Our process thus far has been to wait for volume snapshots to enter the "Available (100%)" state before we move forward with the rest of a maintenance procedure. However, this can significantly increase the length of the maintenance window, since it can take an hour or more for snapshots to become fully available in some cases.
However, the snapshot documentation seems to indicate that snapshots are taken immediately at the point in time the snapshot command is issued:
Snapshots occur asynchronously; the point-in-time snapshot is created immediately, but the status of the snapshot is pending until the snapshot is complete (when all of the modified blocks have been transferred to Amazon S3), which can take several hours for large initial snapshots or subsequent snapshots where many blocks have changed. While it is completing, an in-progress snapshot is not affected by ongoing reads and writes to the volume.
To me, this implies that it may NOT necessary to wait until the snapshot has fully transferred to S3 (and transitioned to "Available" state) before continuing onward to take additional "potentially dangerous" maintenance actions on the volume (software updates, migrations, etc that might have a chance to go wrong or corrupt the data).

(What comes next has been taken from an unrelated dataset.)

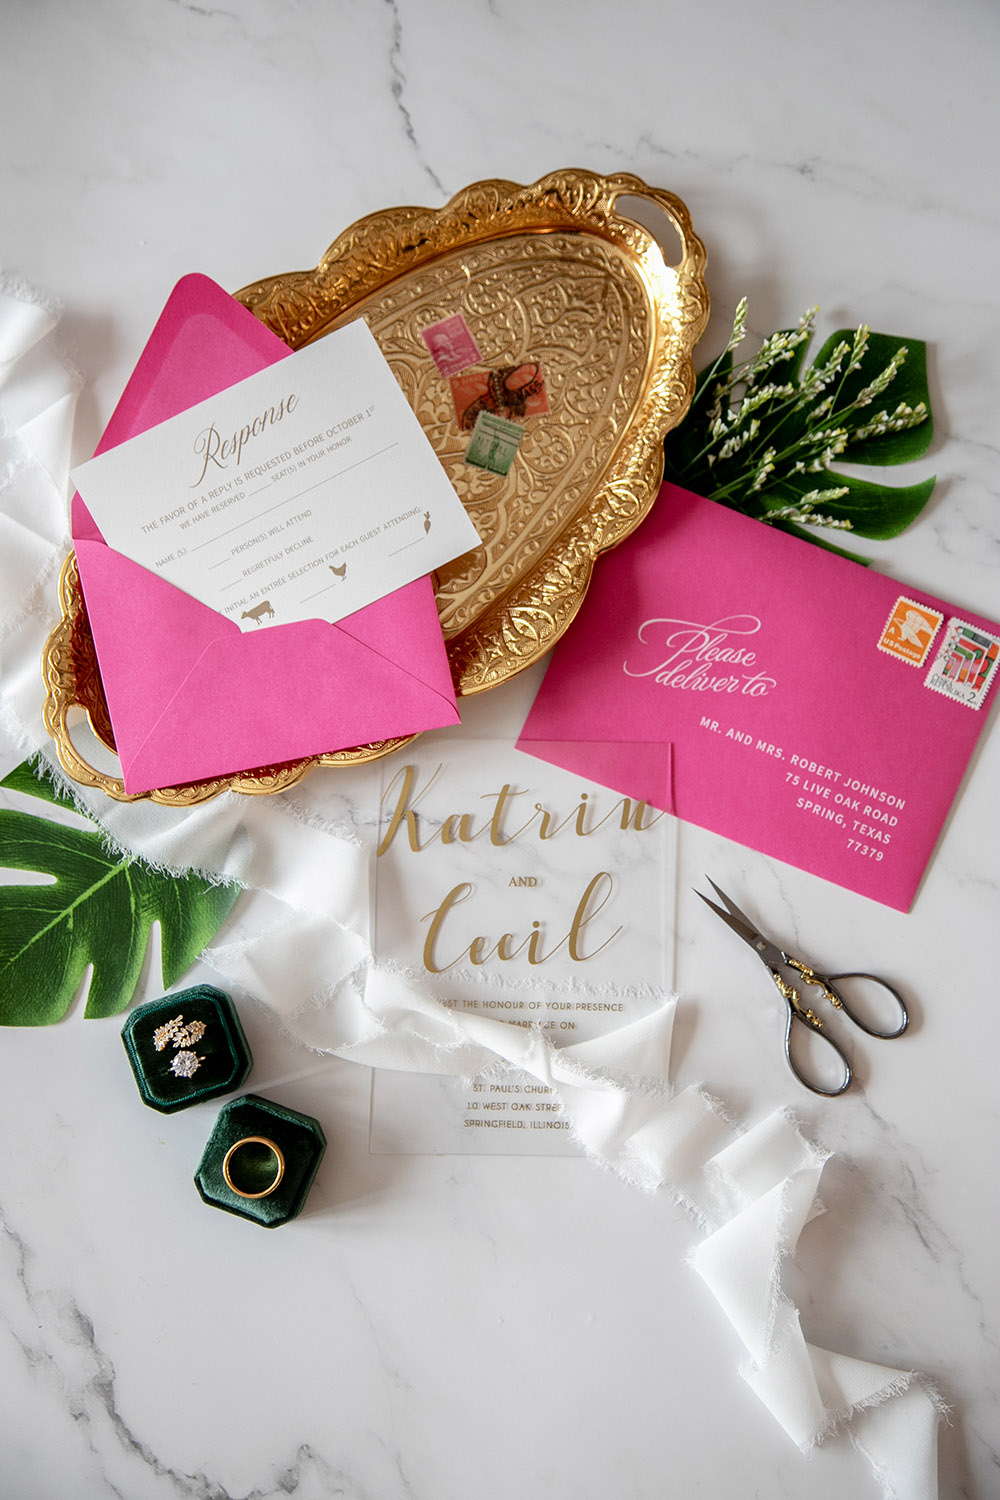 Acrylic invitation with hot pink envelopes
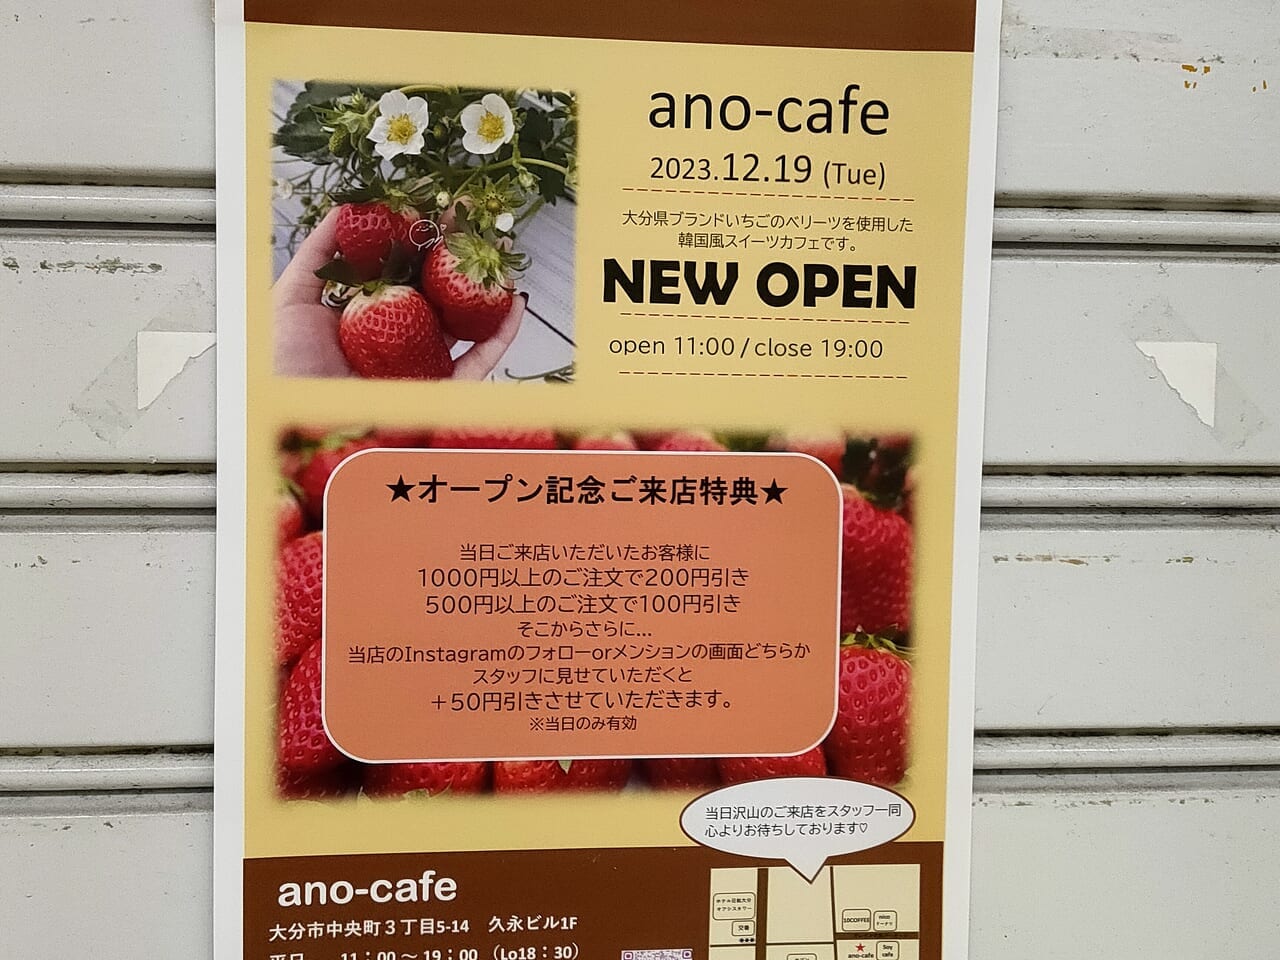 中央町「ano-cafe」

When a procedure tells you to create volume snapshots to ensure you have recent backups before proceeding, is it sufficient to create a snapshot that is in the "Pending" state, or is it necessary to wait until the snapshot transitions to the "Available" state? At what point can you say that the data on the volume is safely backed up? Have there been cases where snapshots fail to reach the "Available" state due to some error or other corruption?
Upvotes: 1
Views: 908
Reputation: 425471
When a procedure tells you to create volume snapshots to ensure you have recent backups before proceeding, is it sufficient to create a snapshot that is in the "Pending" state, or is it necessary to wait until the snapshot transitions to the "Available" state?
This depends on the failure model: the scenario the things can plausibly go wrong, and how to mitigate it.

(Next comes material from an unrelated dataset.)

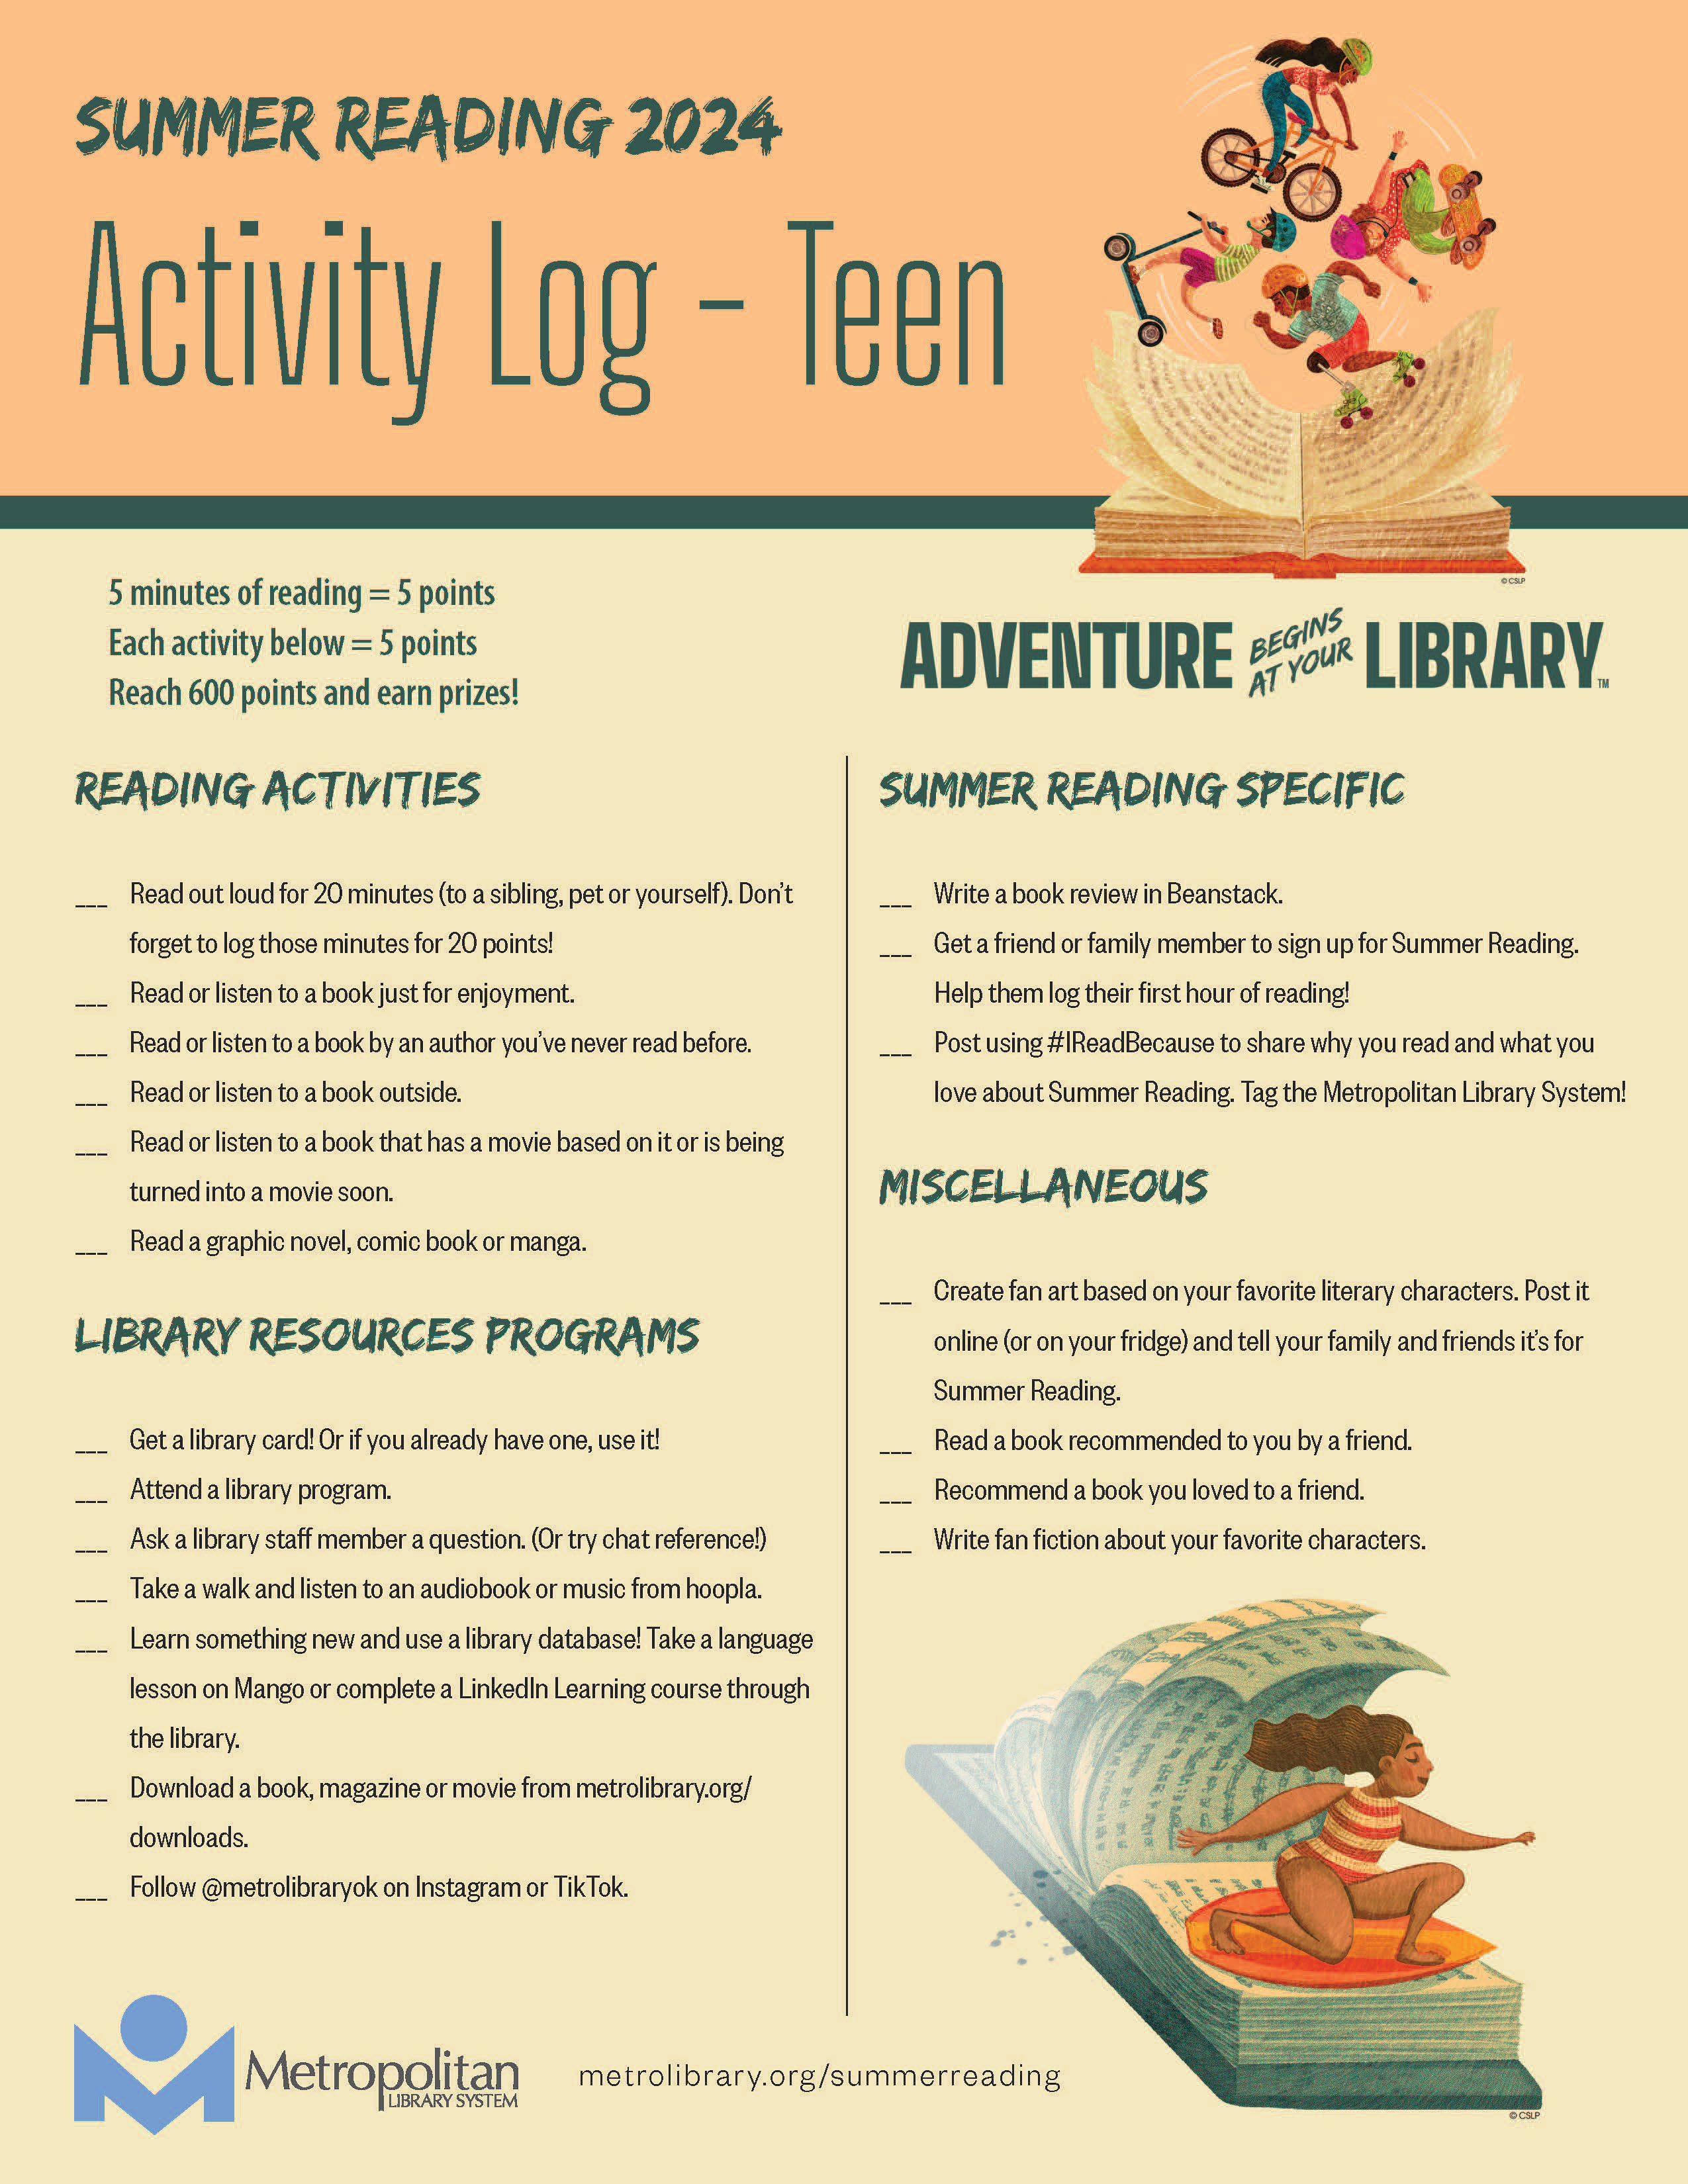 Activity Log - Teen

The failure model they seem to apply here is the EC2 instance becoming unusable after the upgrade: a software bug in the updated software, service incompatibility or something like that.
The mitigation procedure is restoring the EC2 instance to its pre-upgrade state.

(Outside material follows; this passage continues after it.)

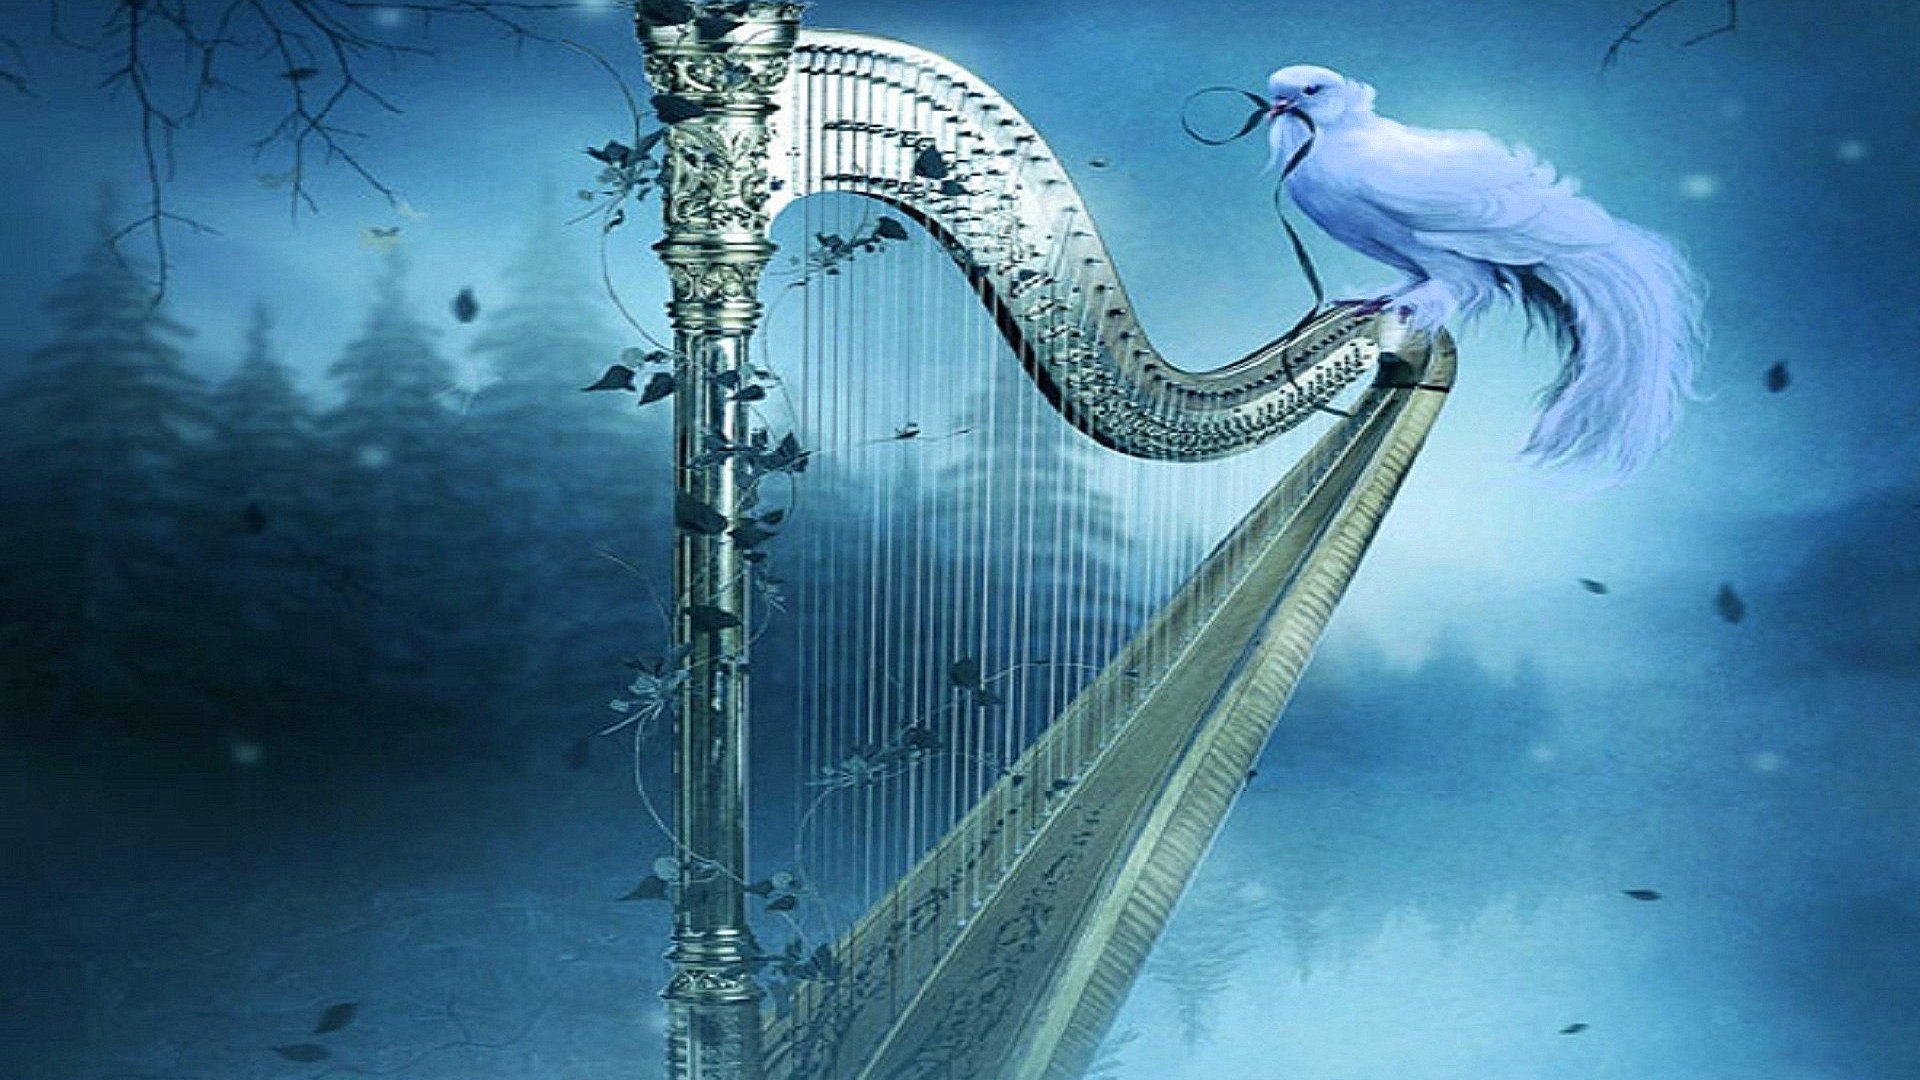 artistic, fantasy, bird, blue, harp, leaf

To be able to restore the instance to the pre-upgrade state, you need to have a snapshot. The snapshot isn't there until it transitions to the Available state. It will (probably, but see below) eventually complete, but you won't be able to dump it to an EBS volume and attach it to your EC2 instance until it completes. During this time, your instance will be unusable.
If waiting for the snapshot to complete before the possible rollback, and assuming the risk that it will not complete, is an acceptable scenario for your failure model, then by all means go for it.
Note that rollback from an S3 backup also takes time. AWS offers Fast Snapshot Restore (pre-warmed snapshots already sitting on inactive EBS volumes) for an additional price.
At what point can you say that the data on the volume is safely backed up?
Once you have been able to restore it.
Not when it says "Pending", not when it says "Available", not at any other time before you used it to make a successful restore.
Have there been cases where snapshots fail to reach the "Available" state due to some error or other corruption?
Yes, a lot.
EBS volumes can and do fail all the time. AWS has a special EBS state for exactly this event and explains how to deal with it.
S3 has much higher redundancy than EBS, but even S3 can fail spectacularly.
If either your EBS volume or S3 fail during the pending state, the snapshot will never complete, and, thus, you will never be able to use it for successful restore.
Upvotes: 2